The Shay Elliott Memorial race is a one-day road cycling race held in spring in Ireland. It is run in honour of Ireland's first professional cyclist, Seamus Shay Elliott. The race was previously known as the Route de Chill Mhantain ("Wicklow Route"), became the Shay Elliott Trophy in the late sixties, then the Shay Elliott Memorial after his death in 1971. The race is the most prestigious Irish one-day event after the national championships.

History
In 1958, the first Route de Chill Mhantáin was held, organised by Bray Wheelers, a cycling club from Bray, County Wicklow. It was devised by Joe Loughman, one of the main organisers of the club, who wanted to present a tough race over the Wicklow Mountains.  The Route de Chill Mhantáin was the first open massed-start race that Bray Wheelers had organised. The first edition was won by John Lackey. 

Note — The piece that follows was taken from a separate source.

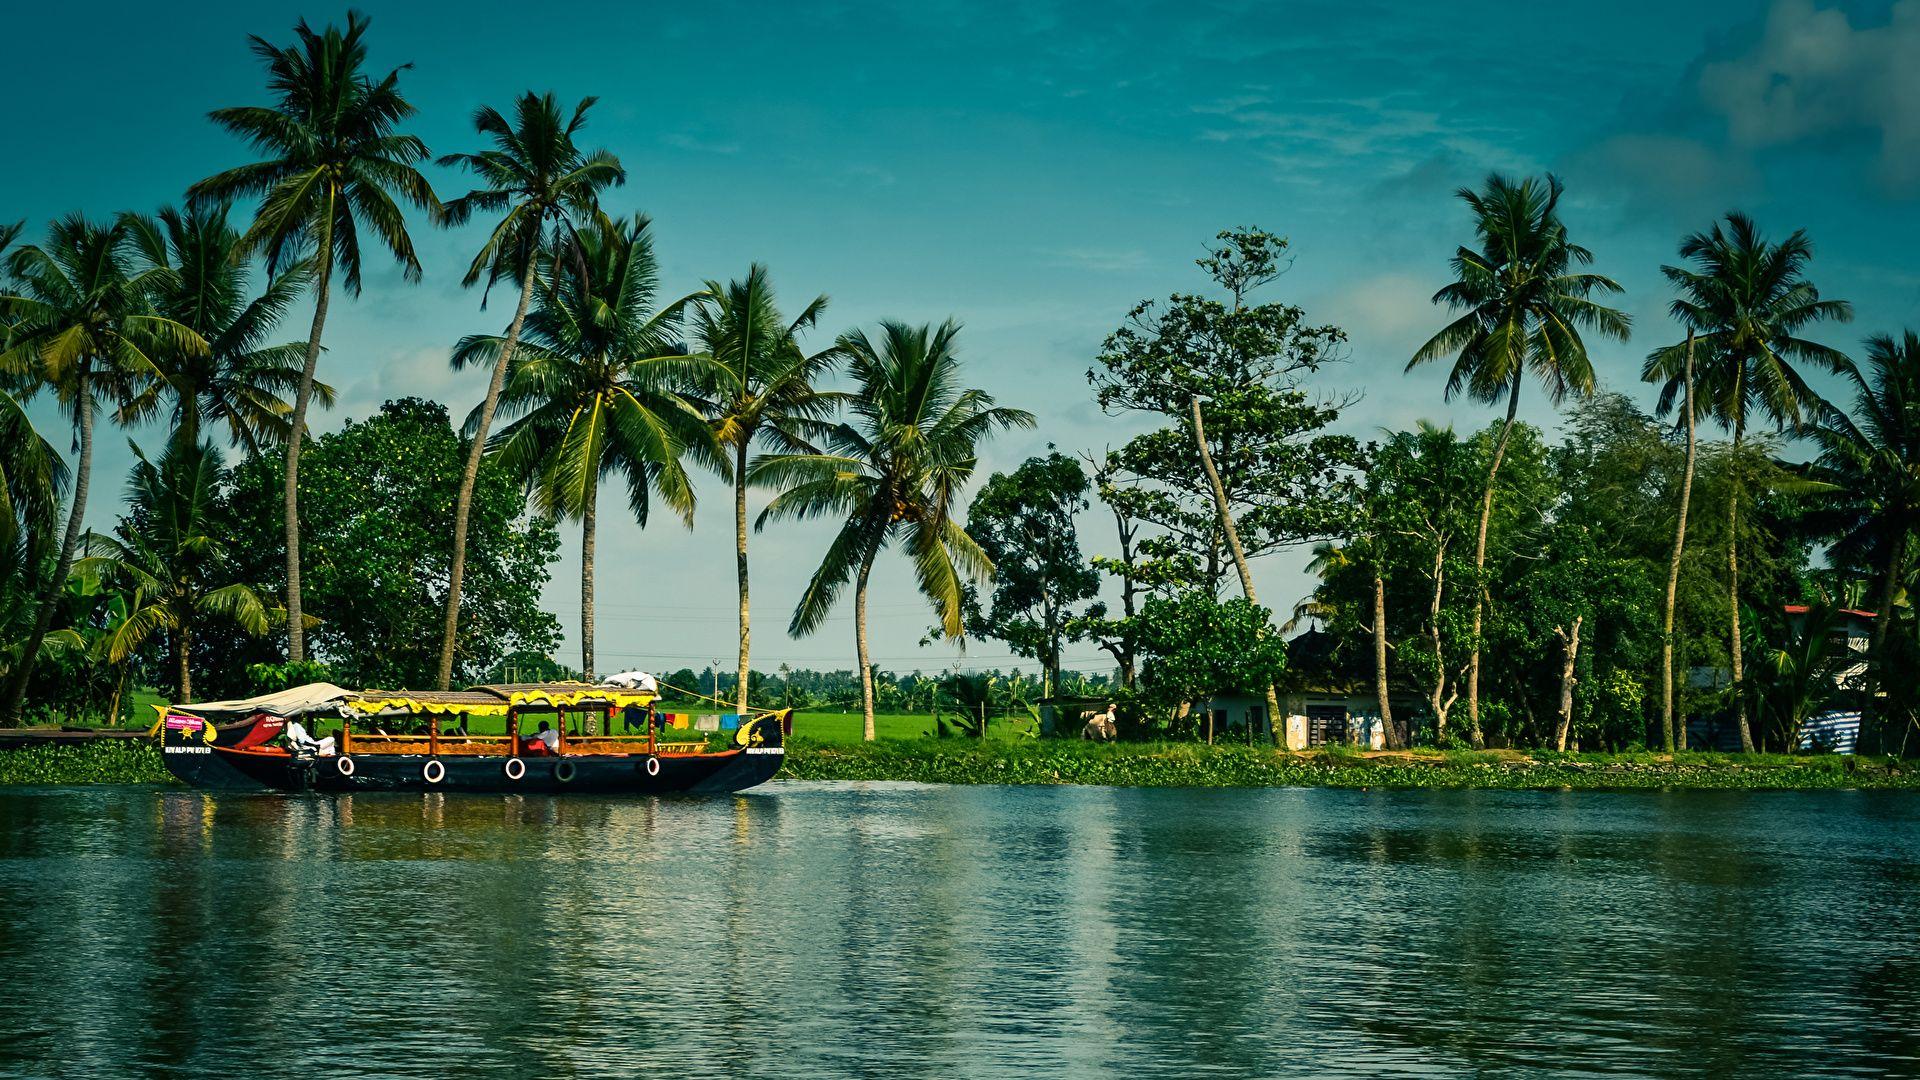 Kerala Backwaters Hd Wallpapers 1080p - #1 HD Wallpaper 4k | FREE

The race was renamed The Shay Elliott Memorial in later years. The trophy presented each year was won by Elliott himself as a prize for best amateur in France in 1955. Winners of the race include some of the best of Irish cycling, including two-time champion Sean Kelly (who was the only rider to have won the race while still a junior), former professional Peter Crinnion, two time Tour of Ireland winner Pat McQuaid, Peter Doyle (the first rider to win the Tour of Ireland and the Ras Tailteann) and Phil Cassidy (a two-time winner of the Ras Tailteann). In 2002 the race became an international race.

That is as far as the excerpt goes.